[Opening Information given section]

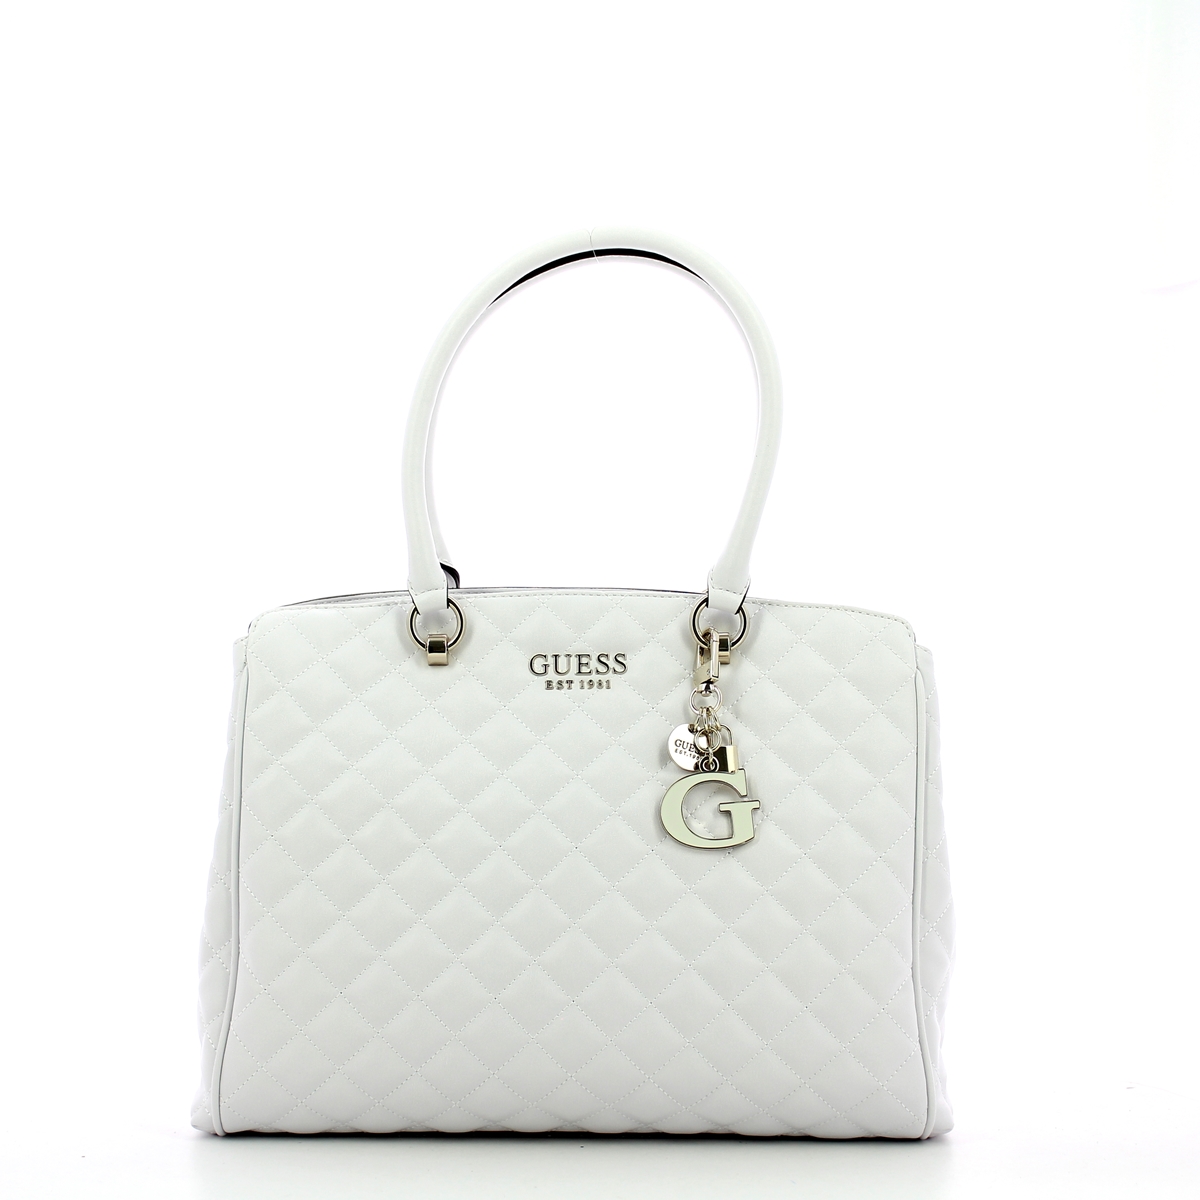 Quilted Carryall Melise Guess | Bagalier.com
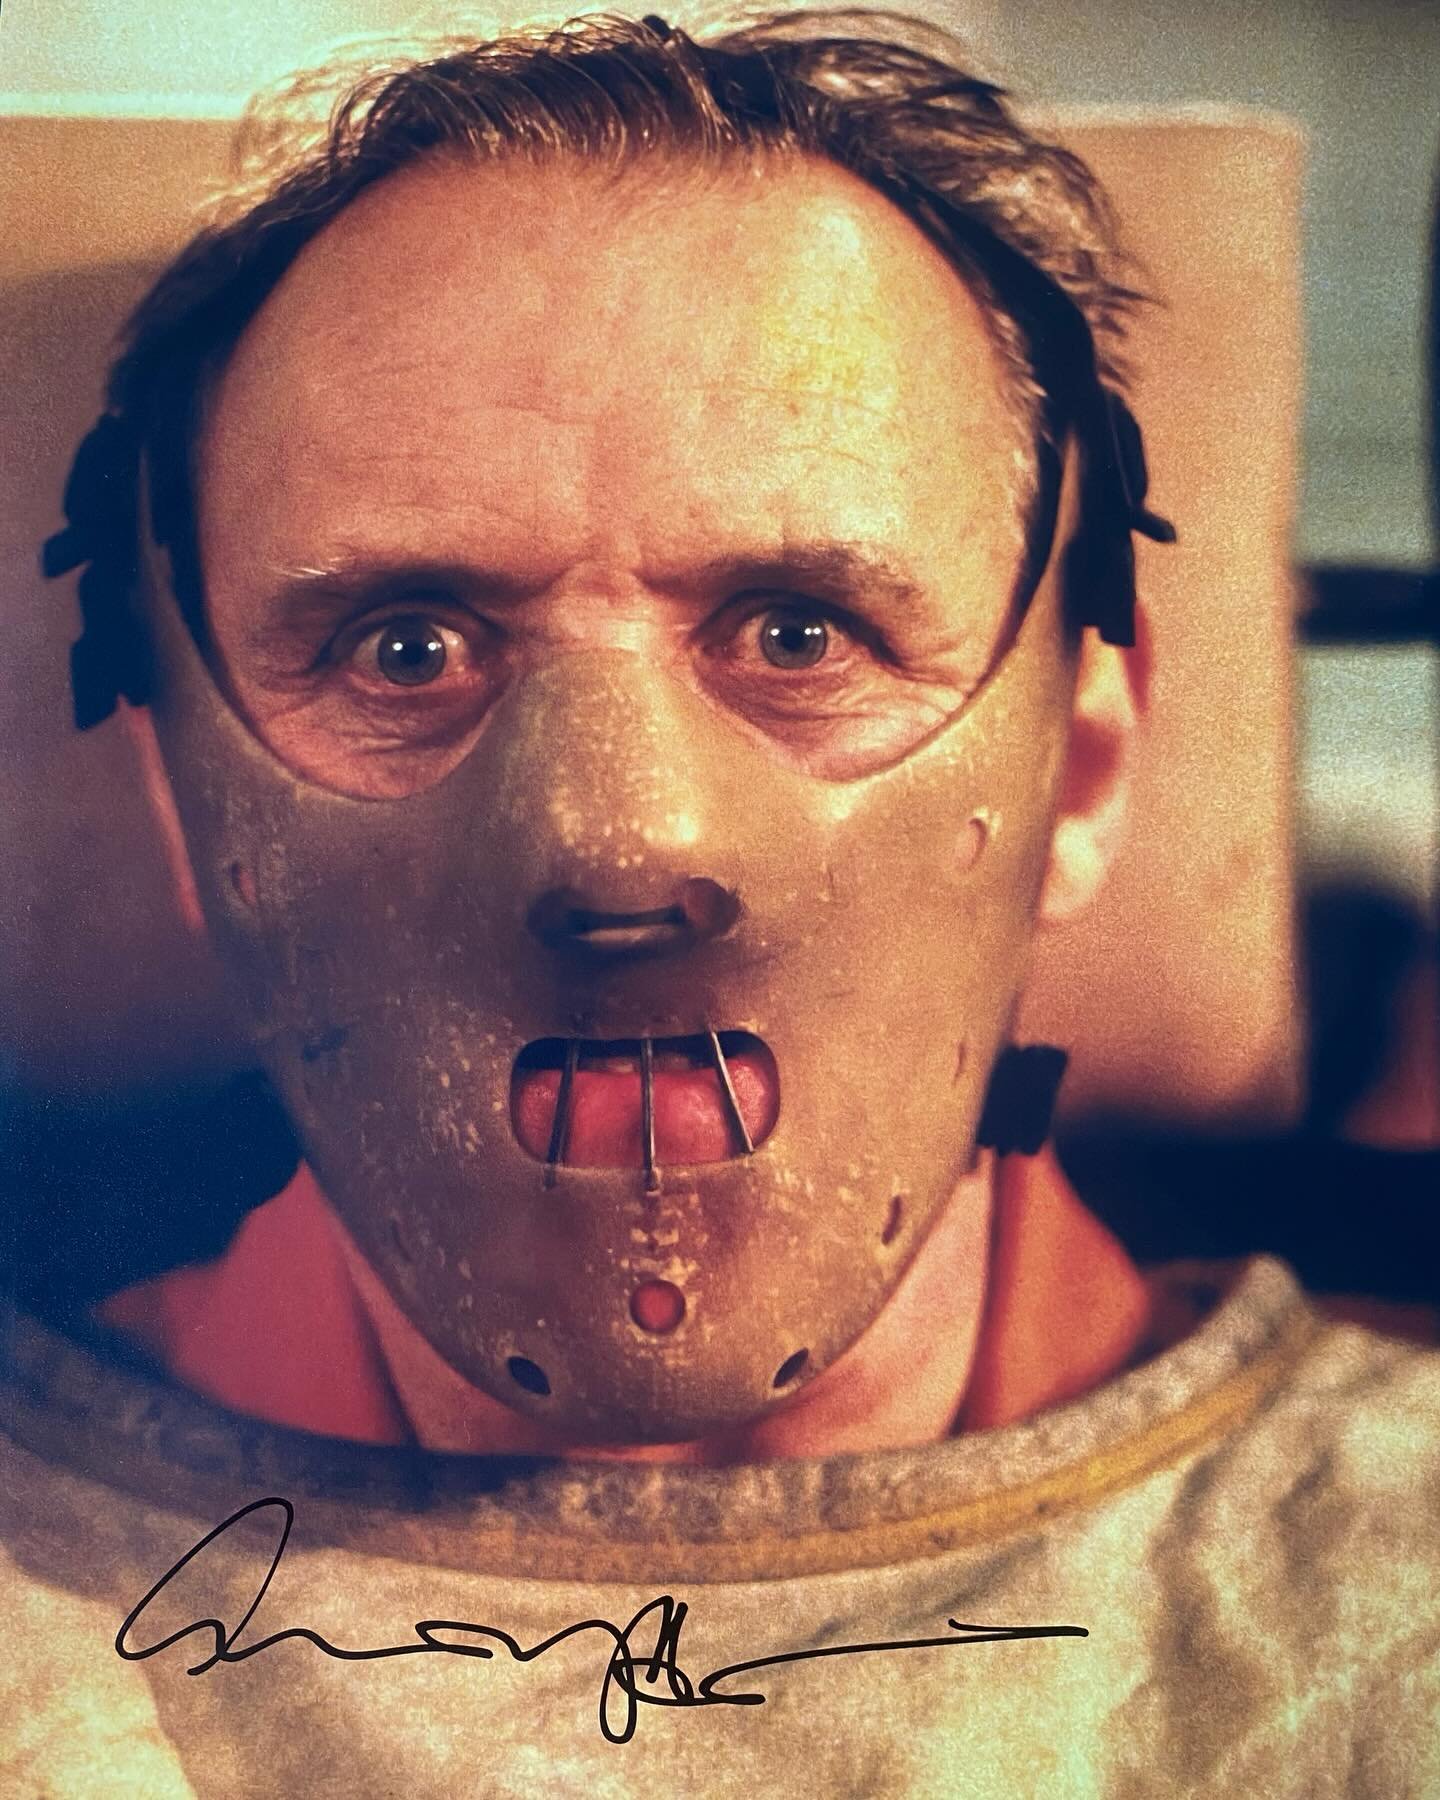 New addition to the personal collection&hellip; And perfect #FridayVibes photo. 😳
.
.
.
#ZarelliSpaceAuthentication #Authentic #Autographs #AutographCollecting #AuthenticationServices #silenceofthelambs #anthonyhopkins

[Closing Information given section]

Once the pictures are removed, print all the remaining data exactly as it stands.

Written answer -
 Quilted Carryall Melise Guess | Bagalier.com
 New addition to the personal collection&hellip; And perfect #FridayVibes photo. 😳
.
.
.
#ZarelliSpaceAuthentication #Authentic #Autographs #AutographCollecting #AuthenticationServices #silenceofthelambs #anthonyhopkins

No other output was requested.